The One That Got Away

Sometimes I can’t help but think about the one that got away — wondering what could have been. A lifetime of memories that may have been missed. I think about who I was back then… was it something I did? Did I try hard enough? Why did that one get away while others stayed? Plenty of fish have declined my overtures, but one loss in particular haunts me more than the rest.

Montana, 2014. Forest fires in Oregon cast a hazy yellow hue over the Big Sky state. I didn’t do very well on the Yellowstone that trip, but I got lucky near Slough Creek down in Wyoming. Word from the locals was that the only place with consistent action was the Big Horn. So I packed up, drove the gobsmackingly gorgeous route through the Beartooth Pass, arrived, and headed straight for the spot.

I began my pursuit and quickly fell into the rhythm of the river. The scenes, the sounds, the cool air — all of it settled me as the sun dipped behind the trees. The quiet of the hour between wolf and dog drifted in, and the rippling water lulled me into a soft meditation. Then, she showed herself, and my rod sprang to life.

Shocked out of my trance, my adrenaline spiked as the line ripped upstream. I instinctively raised the rod high to take out the slack and stumbled over smooth stones to keep up with what felt like a life-changing fish. I caught up to her, the rod nearly bent in half, and she paused — and I paused. Was she flirting with me? Were we dancing? Was this really happening?

My heart was racing. Could she be the one? We were likely looking right at each other, though I couldn’t see her in the gloom. Before I could make my next move, the fly rocketed out of the water and past my shoulder. In the same instant she spit the hook, she swallowed a piece of my heart. She rejected me.
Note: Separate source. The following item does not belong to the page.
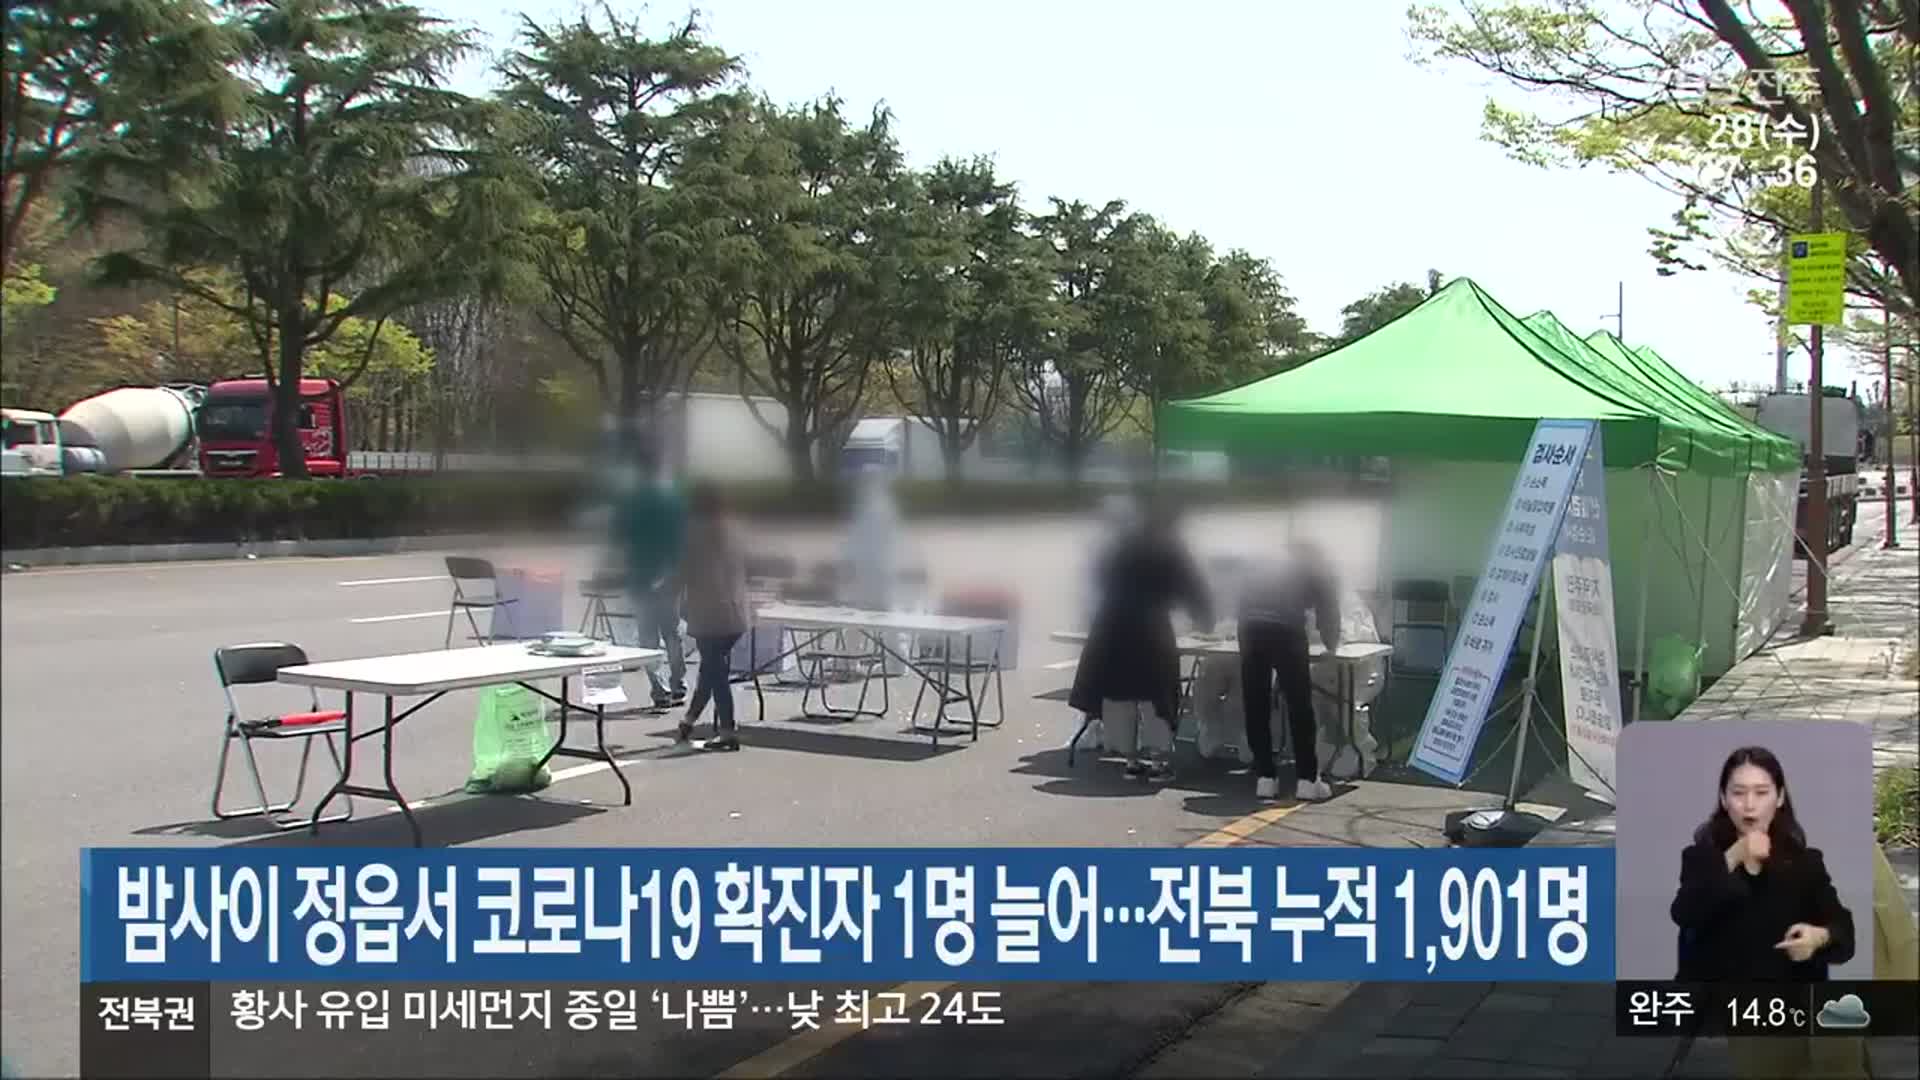 밤사이 정읍서 코로나19 확진자 1명 늘어…전북 누적 1,901명

That moment has never fully left me. Why do we hold on to pain like this? Time heals, sure, but it works slowly. At first, I blamed myself entirely. Heartbreak is no joke. But as the years passed and the sting softened, I started to understand something deeper.

It takes two to tango. The object of your desire has a say in how things unfold. It’s not always just your fault. I’m healthier now — and have had many successful, joyful relationships with fish since that day. I try to focus on the positive and be grateful for the experiences themselves, not only the outcomes.

It truly is better to have loved and lost than to have never loved at all.